* [What is needed]: Copy verbatim the span of lines beginning at the line that contains "Dámská obuv Gant" and ending with the final line of the data. Exclude pictures from the copy.

* [Recorded information]:
"""

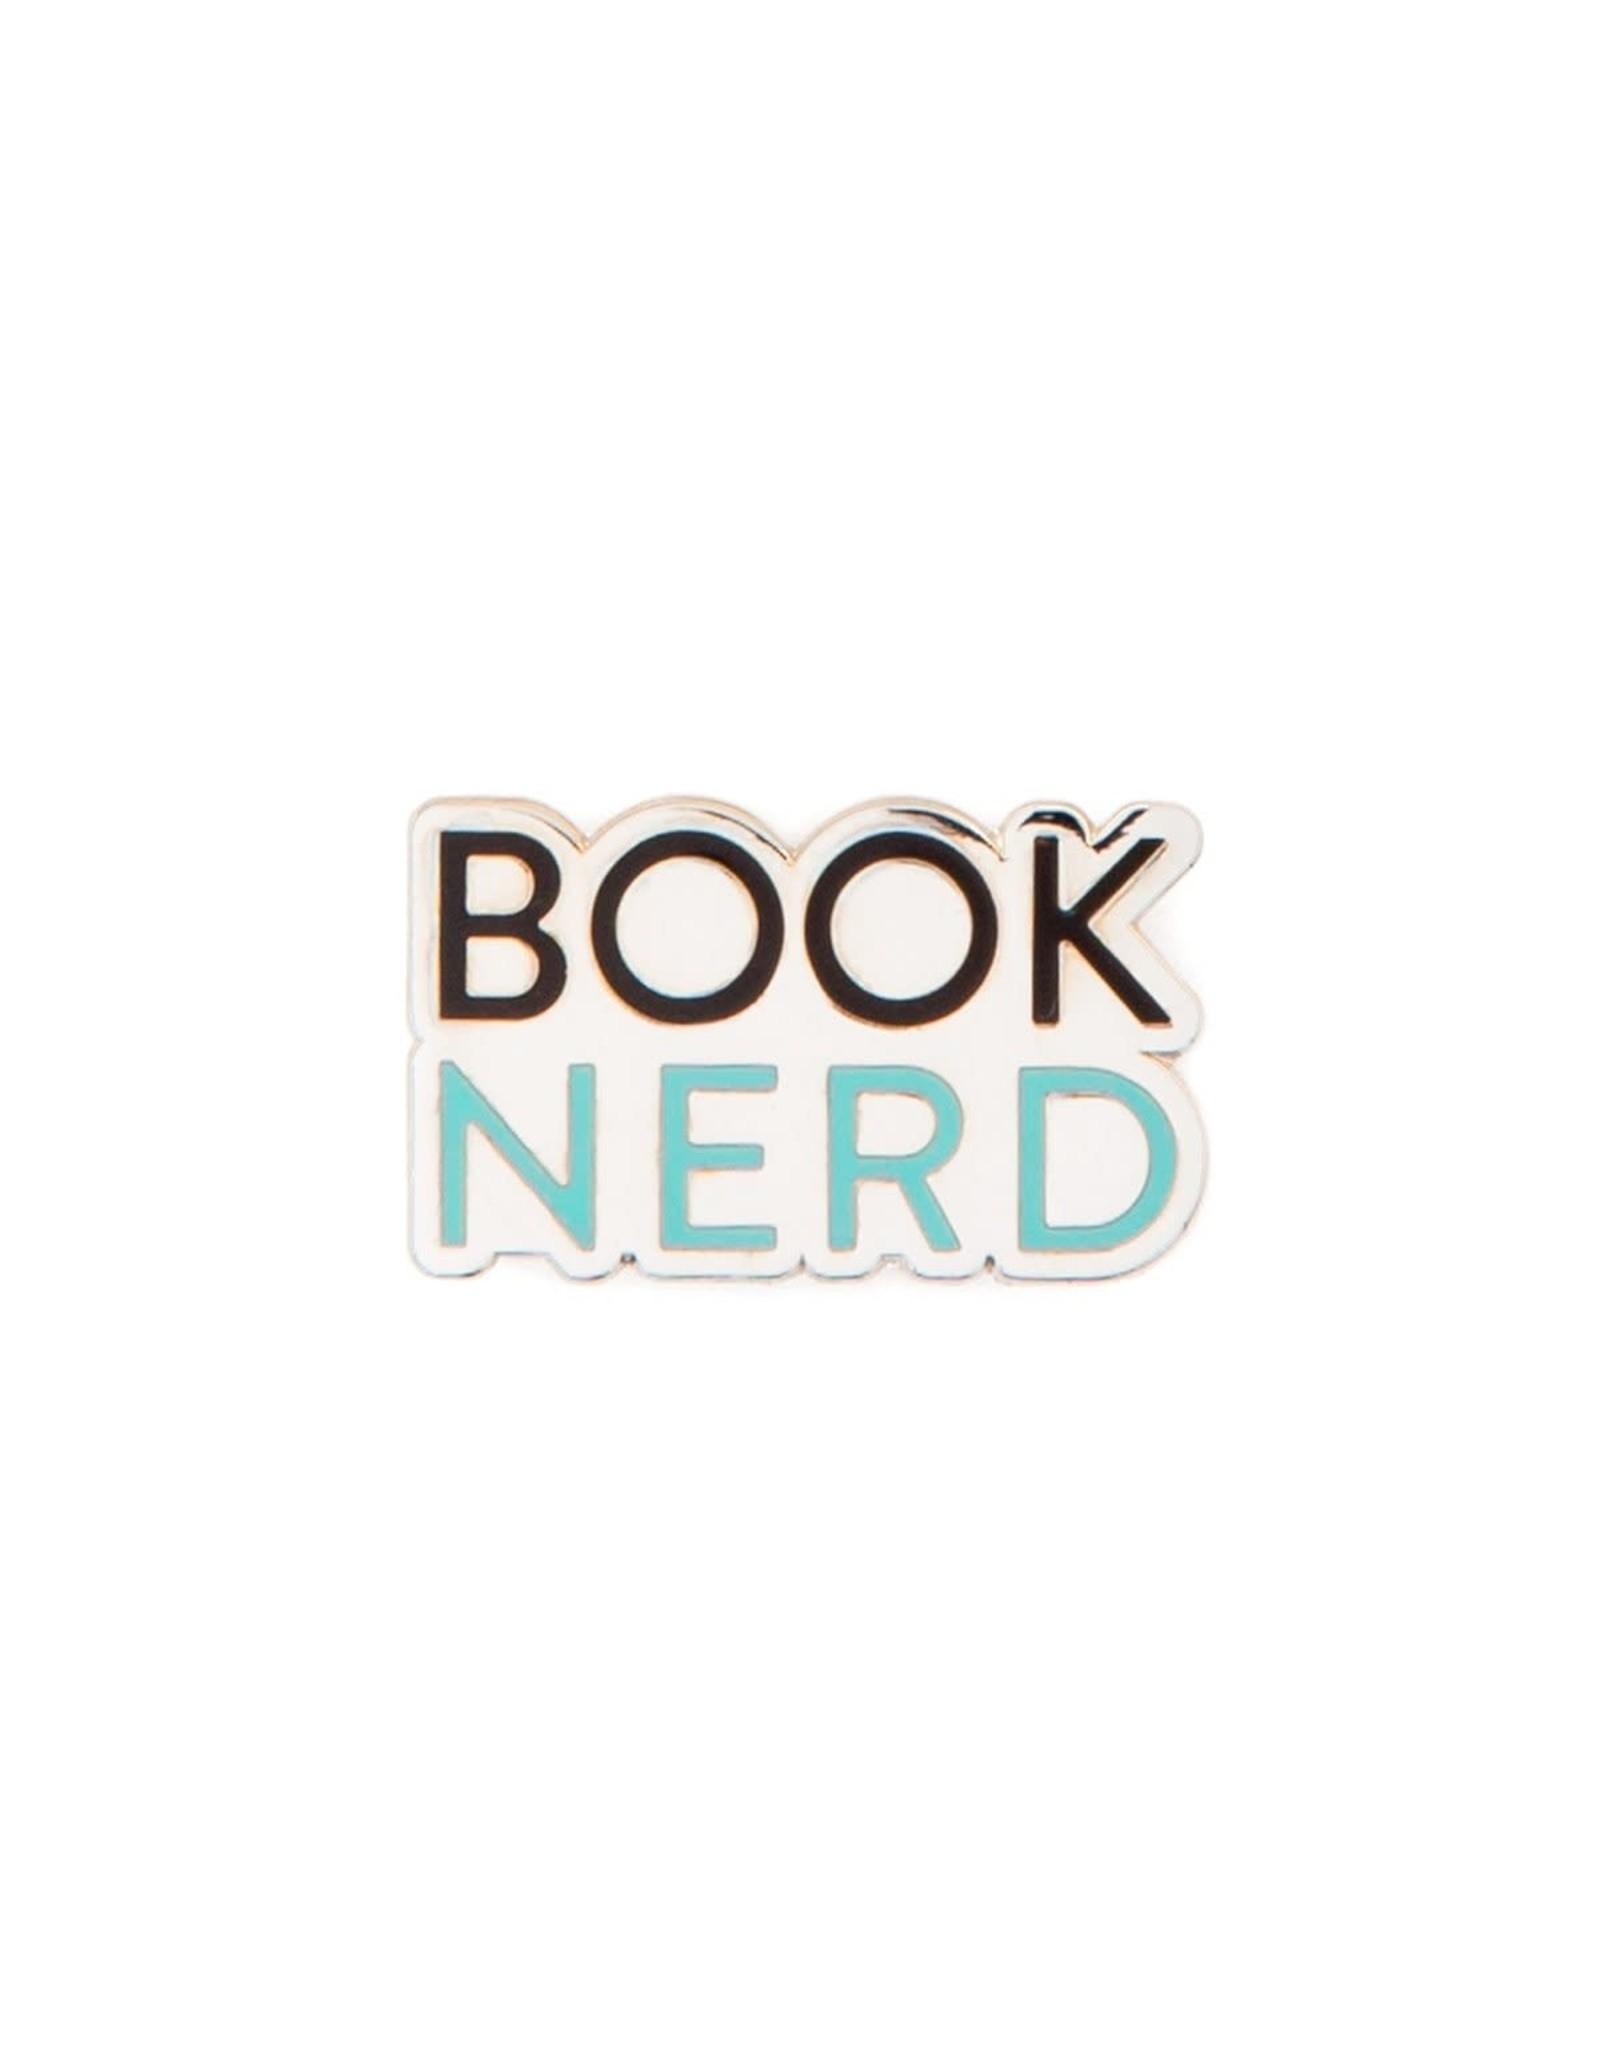 Book Nerd Enamel Pin
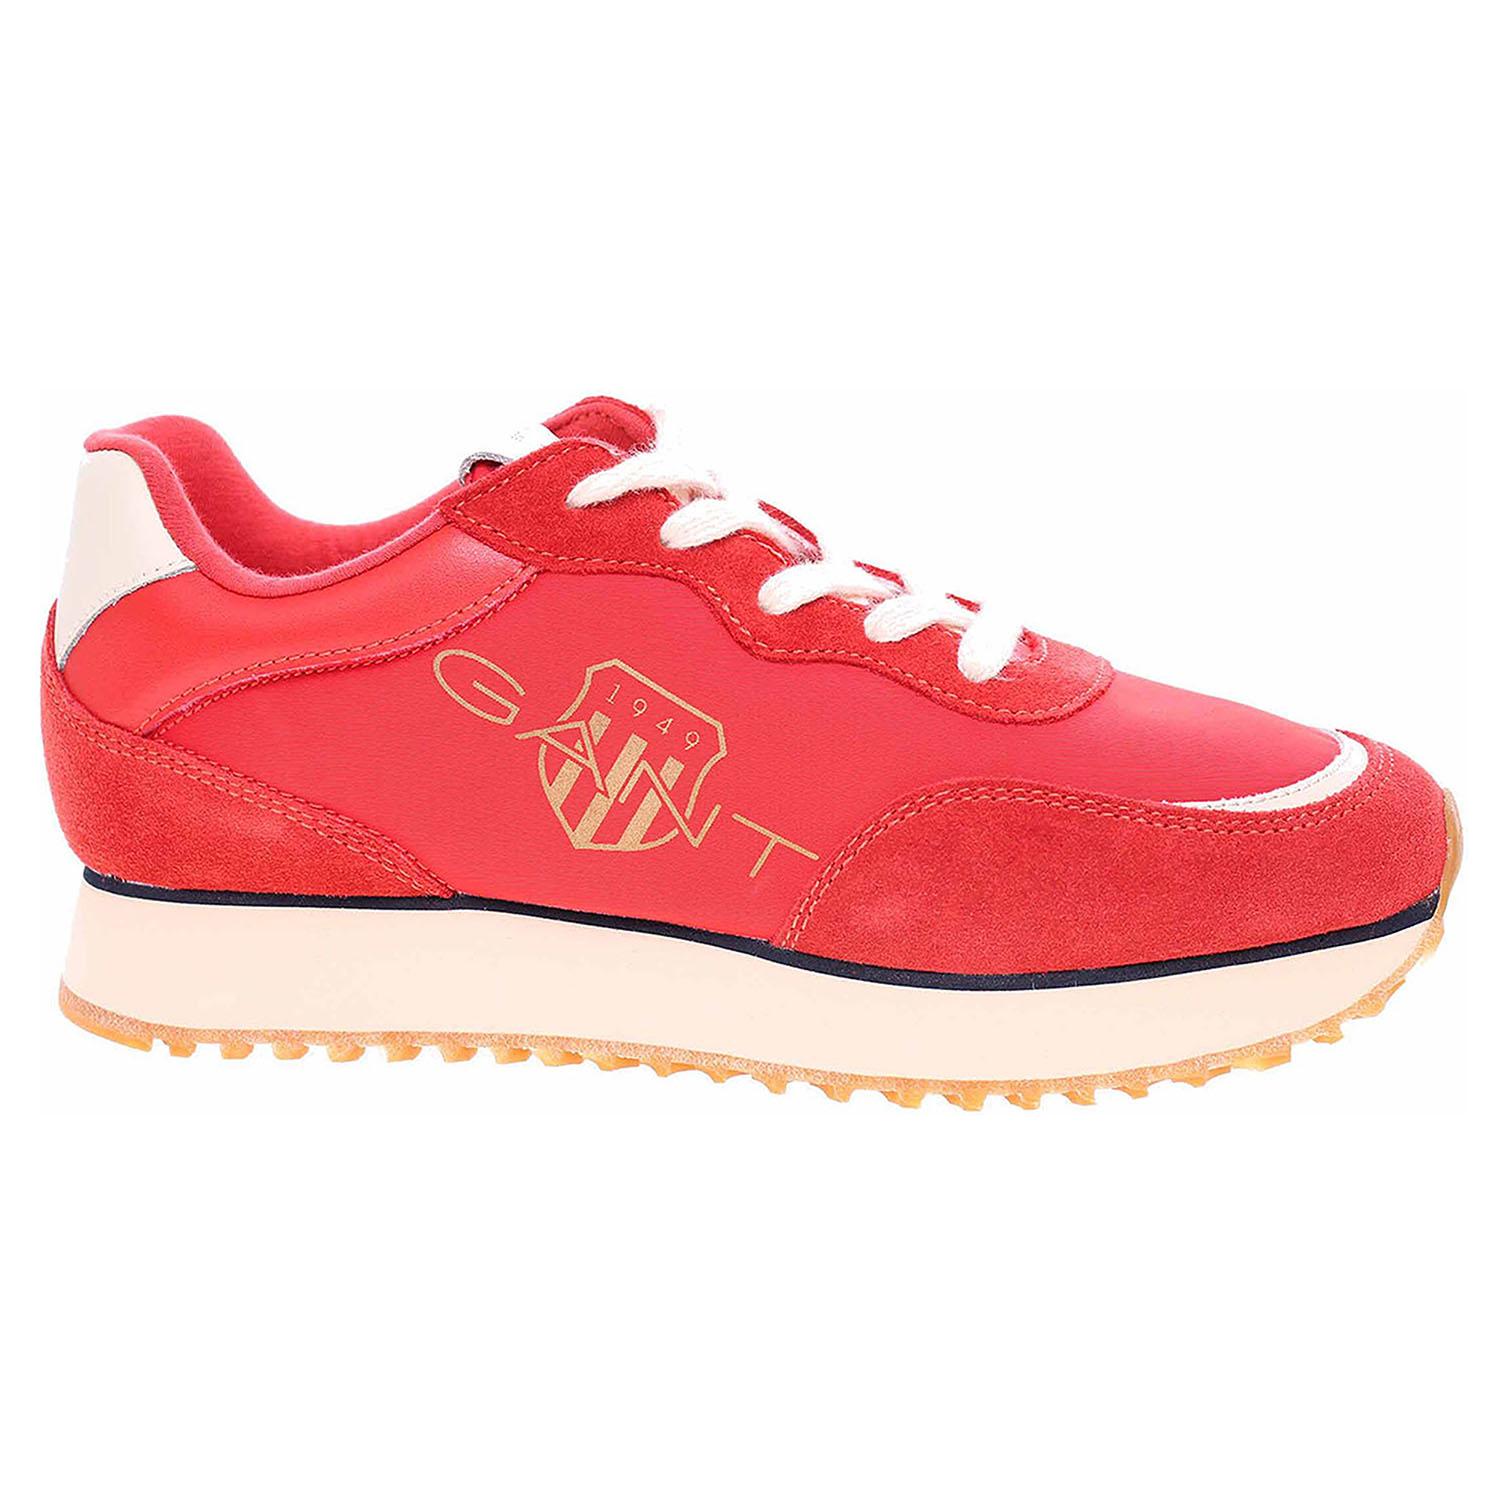 Dámská obuv Gant Bevinda 21533838 G51 red 21533838 G51 39
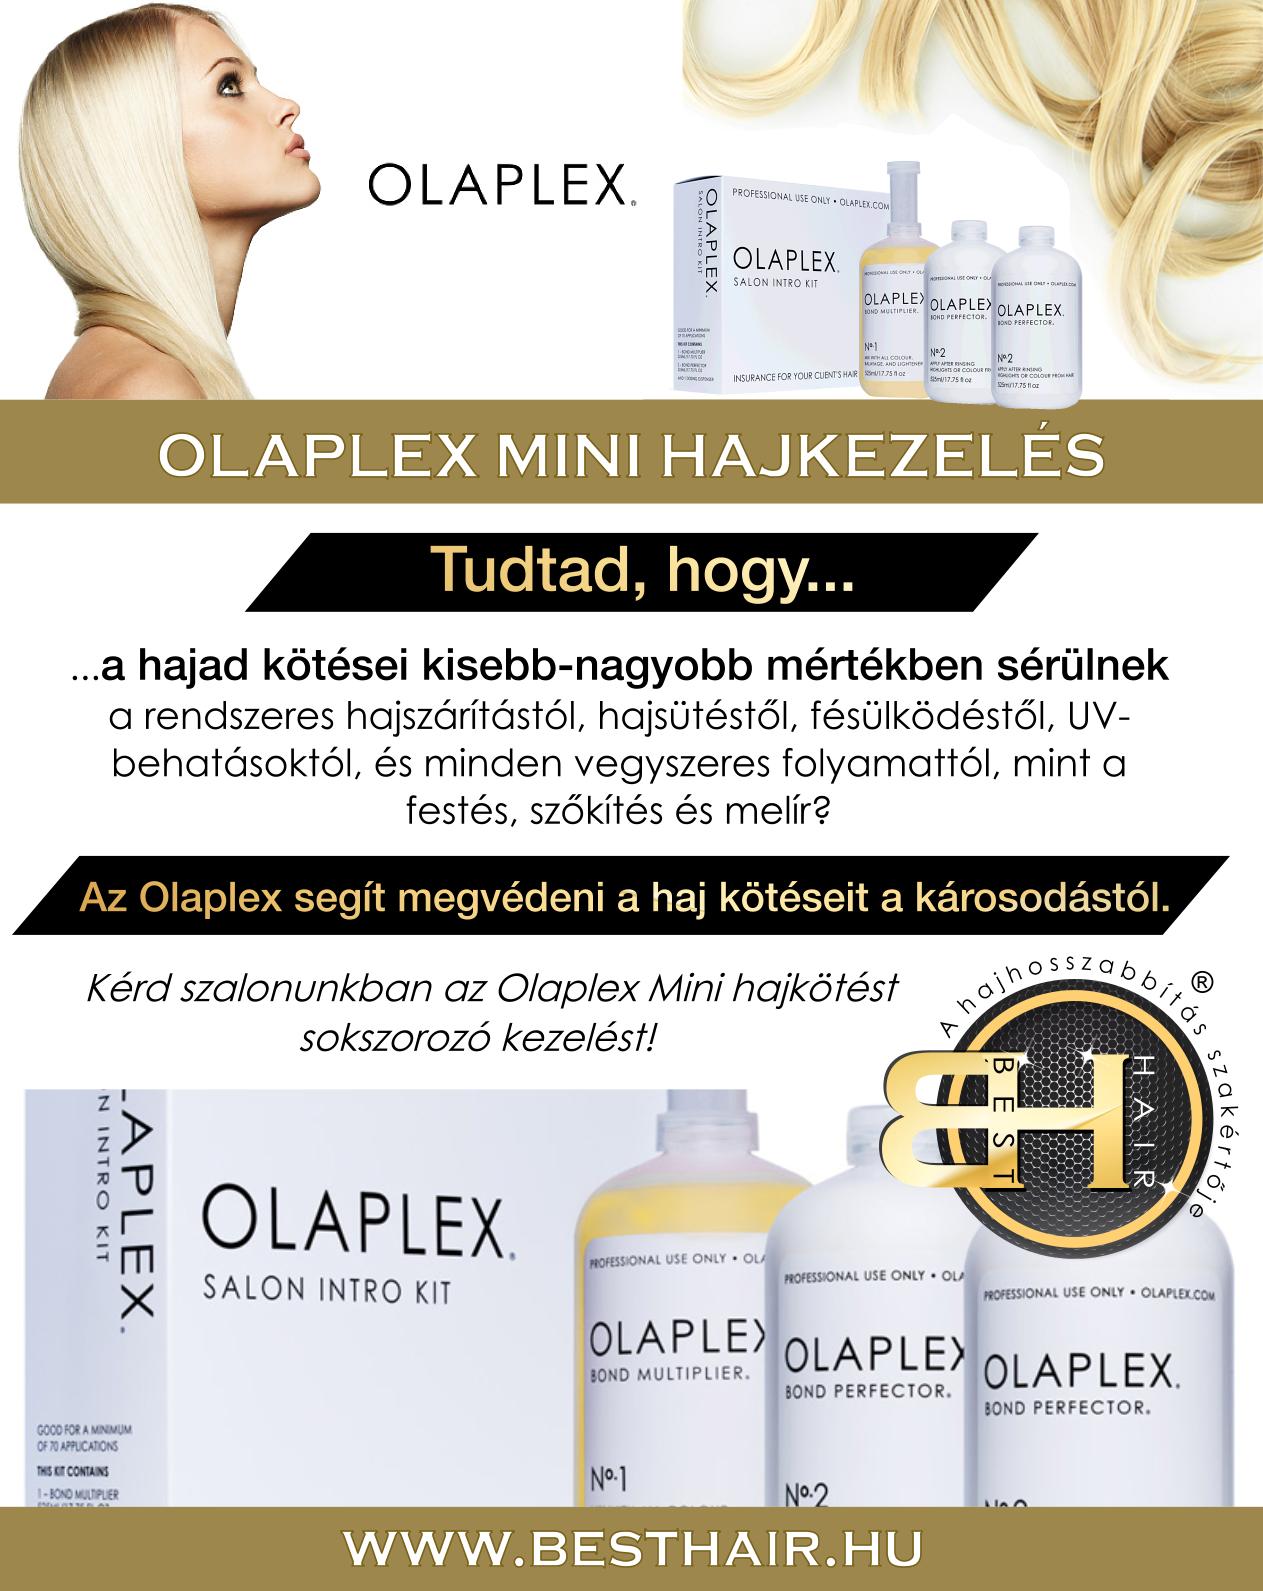 olaplex-mini-hajkezeles

"""

* [Written answer]:
 Dámská obuv Gant Bevinda 21533838 G51 red 21533838 G51 39
 olaplex-mini-hajkezeles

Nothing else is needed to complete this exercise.